CloudWatch Logs Basics
Lambda automatically sends all print statements and exceptions to CloudWatch Logs. Access logs in the Lambda Console:
- Select a function
- Click Monitor → Logs
- Click a log stream to view invocation details
Each invocation creates a log stream with a timestamp and request ID. Example log output:
START RequestId: abc-123-def-456 Version: $LATEST
2026-06-02T10:30:00.123Z abc-123-def-456 Processing event: {'userId': 42, 'action': 'login'}
2026-06-02T10:30:00.456Z abc-123-def-456 Database query took 0.213s
2026-06-02T10:30:00.789Z abc-123-def-456 END RequestId: abc-123-def-456
REPORT RequestId: abc-123-def-456 Duration: 666.14 ms Billed Duration: 667 ms Memory Used: 85 MB Init Duration: 45.23 ms XRAY TraceId: 1-abc-def
The REPORT line shows:
- Duration: How long the function executed
- Billed Duration: Rounded to nearest 1 ms (minimum 1,000 ms)
- Memory Used: Actual memory consumption
- Init Duration: Cold-start initialization time (only on first invocation)
- XRAY TraceId: Link to X-Ray trace (if enabled)
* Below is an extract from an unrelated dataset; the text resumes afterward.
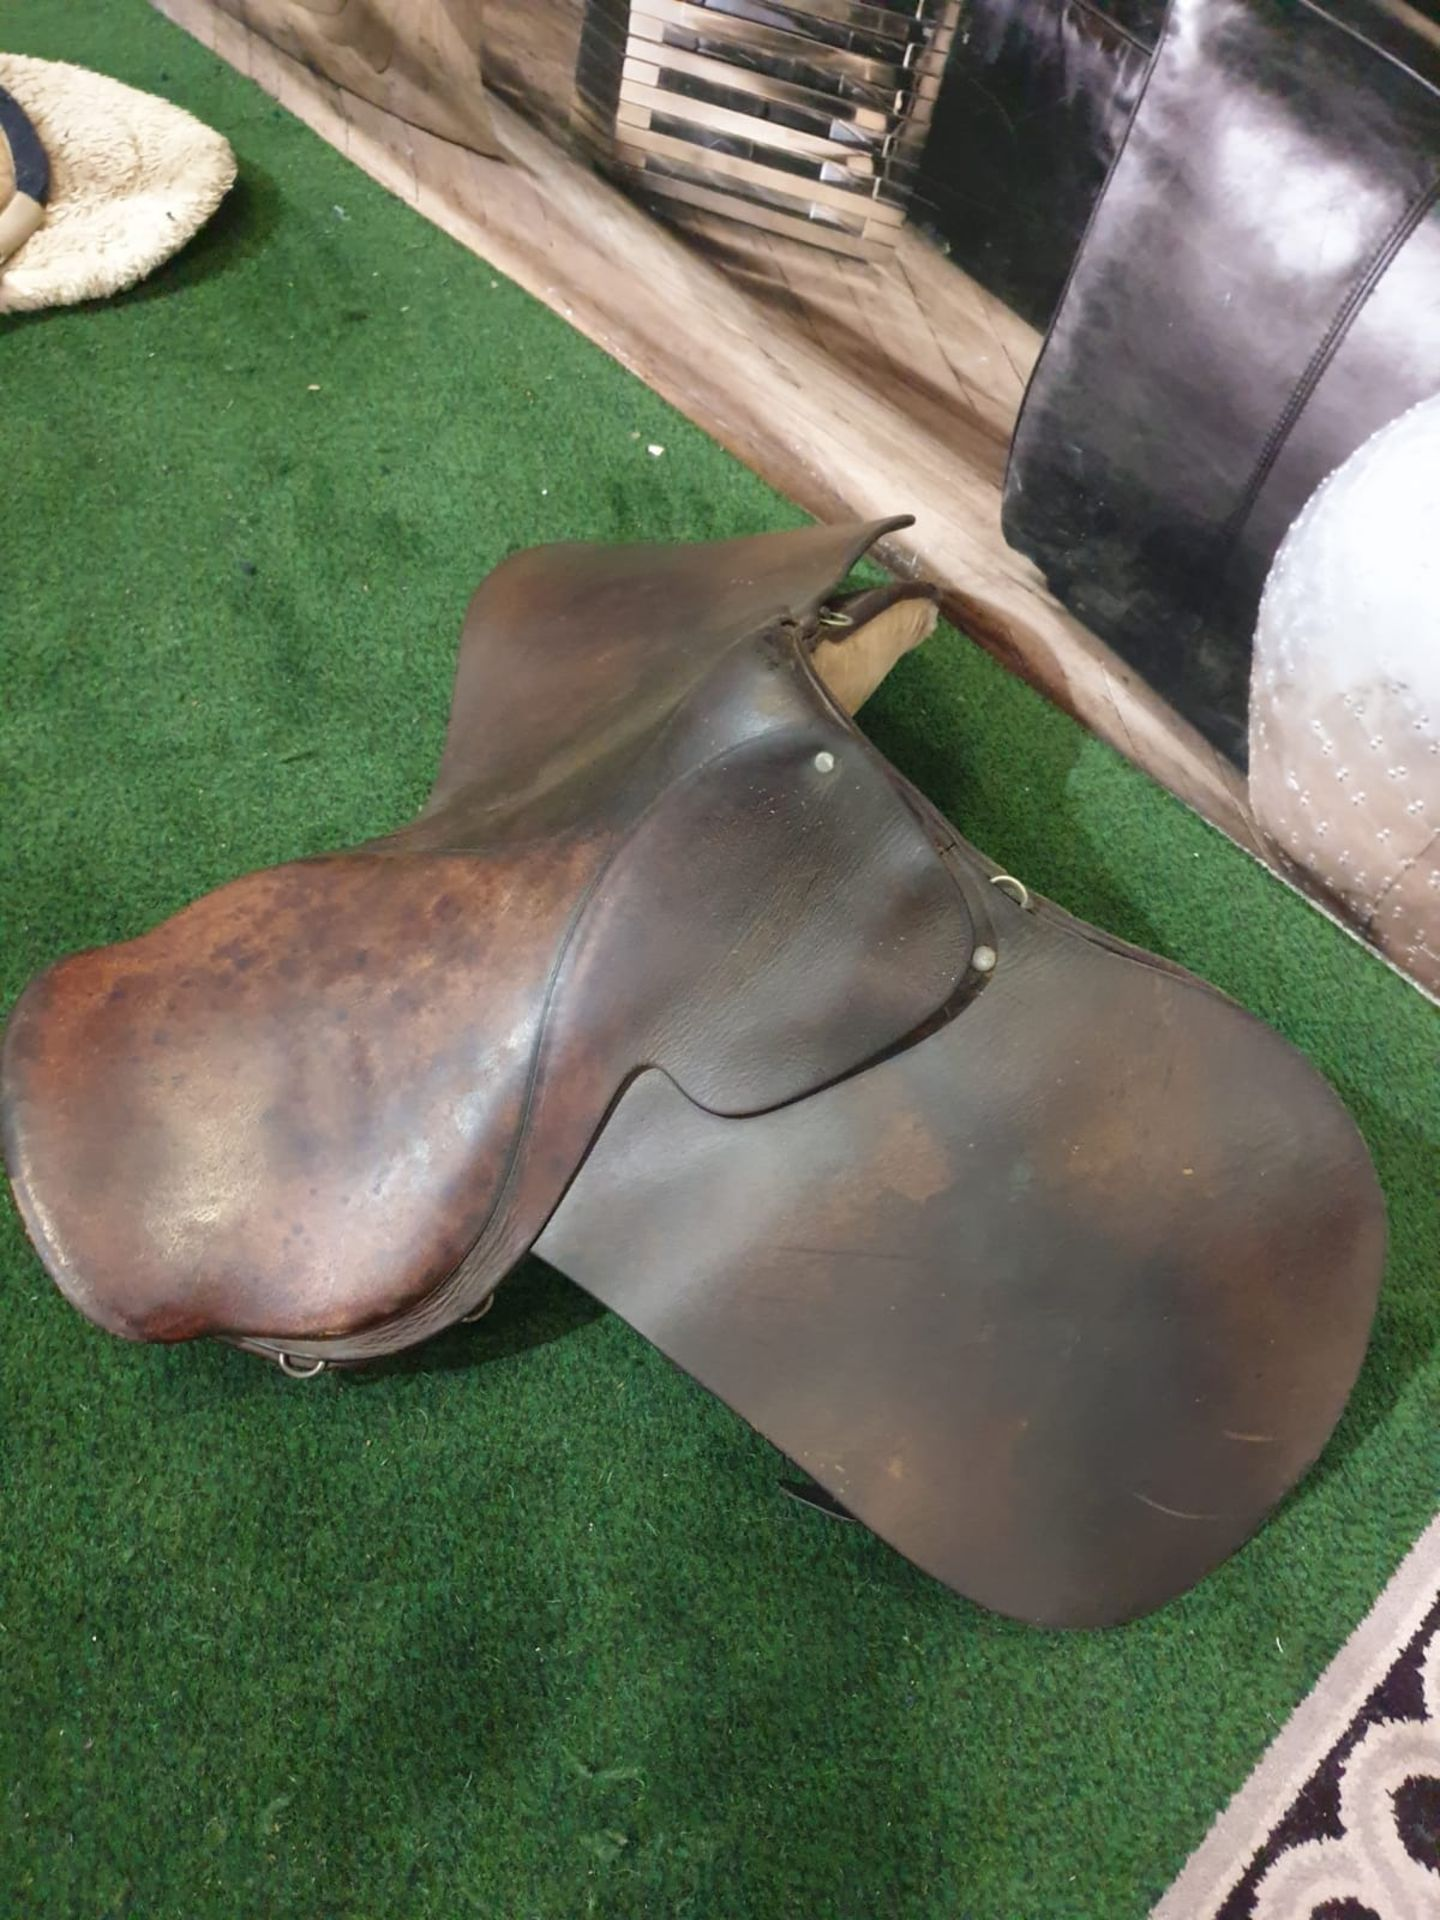 Vintage leather horses saddle. c. Circa 1960 Height 90 cm; Length 48 cm; Depth 45 cm - Image 3 of 4
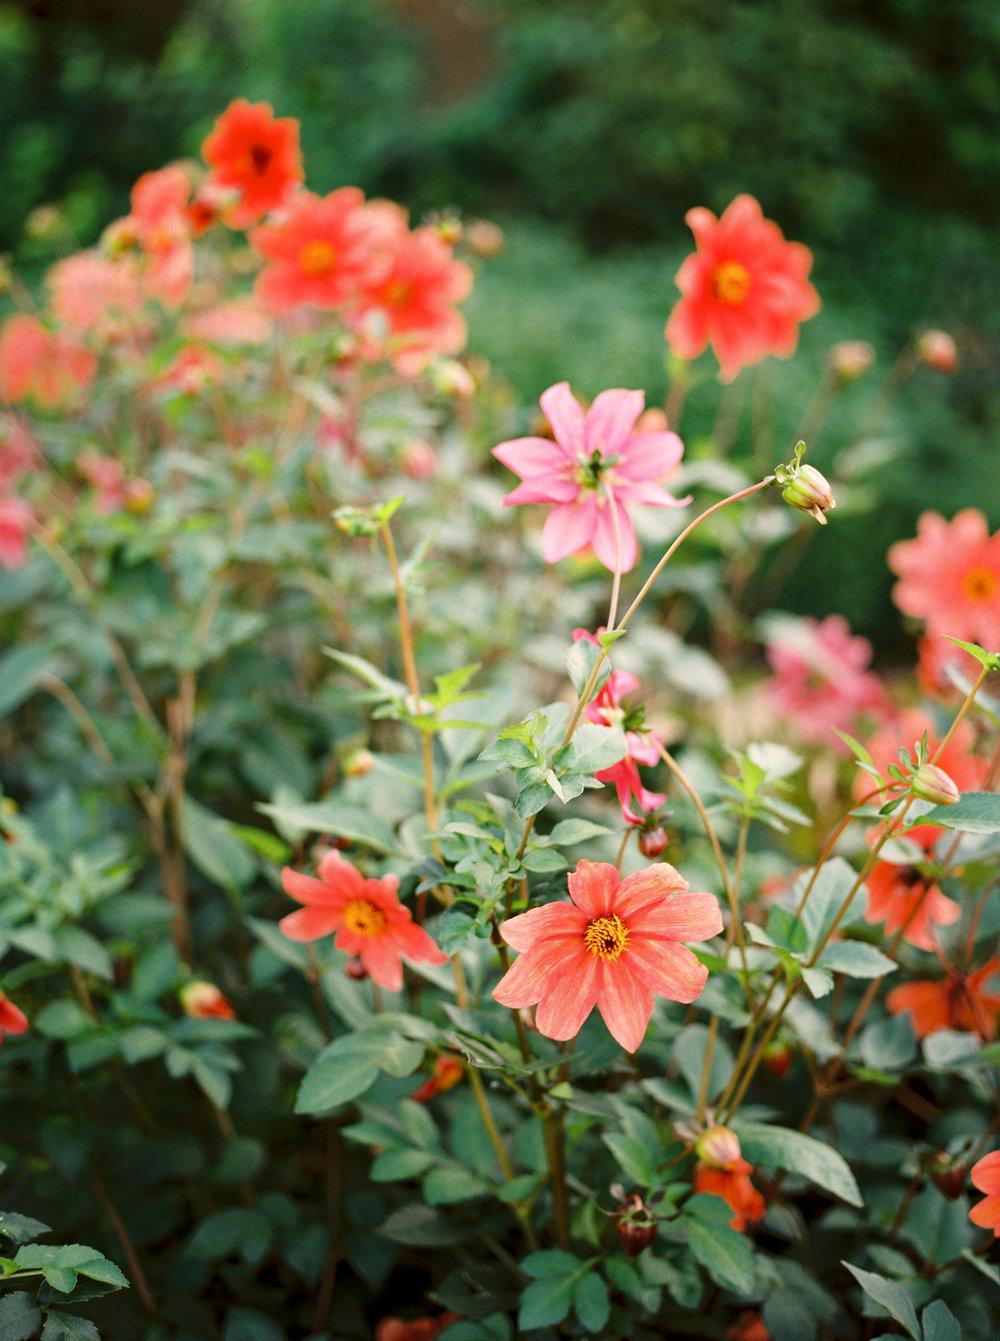 autumn flowers in dorset

Structured Logging for Production
Use structured logging (JSON format) for easier parsing and querying:
import json
import logging
from datetime import datetime
# Configure JSON logging
logger = logging.getLogger()
logger.setLevel(logging.INFO)
def lambda_handler(event, context):
request_id = context.aws_request_id
# Log structured event
logger.info(json.dumps({
'timestamp': datetime.utcnow().isoformat(),
'requestId': request_id,
'event': event,
'source': 'lambda_handler'
}))
try:
user_id = event['userId']
action = event['action']
# Simulate work
result = process_action(user_id, action)
# Log success
logger.info(json.dumps({
'timestamp': datetime.utcnow().isoformat(),
'requestId': request_id,
'status': 'success',
'result': result
}))
return {'statusCode': 200, 'body': json.dumps(result)}
except Exception as e:
# Log error with exception details
logger.error(json.dumps({
'timestamp': datetime.utcnow().isoformat(),
'requestId': request_id,
'error': str(e),
'errorType': type(e).__name__,
'traceback': traceback.format_exc()
}))
return {'statusCode': 500, 'body': json.dumps({'error': str(e)})}
def process_action(user_id, action):
return {'userId': user_id, 'action': action, 'processed': True}
CloudWatch Logs Insights can query these logs:
fields @timestamp, requestId, status, error
| filter status = "error"
| stats count() by errorType
This returns counts of errors grouped by type.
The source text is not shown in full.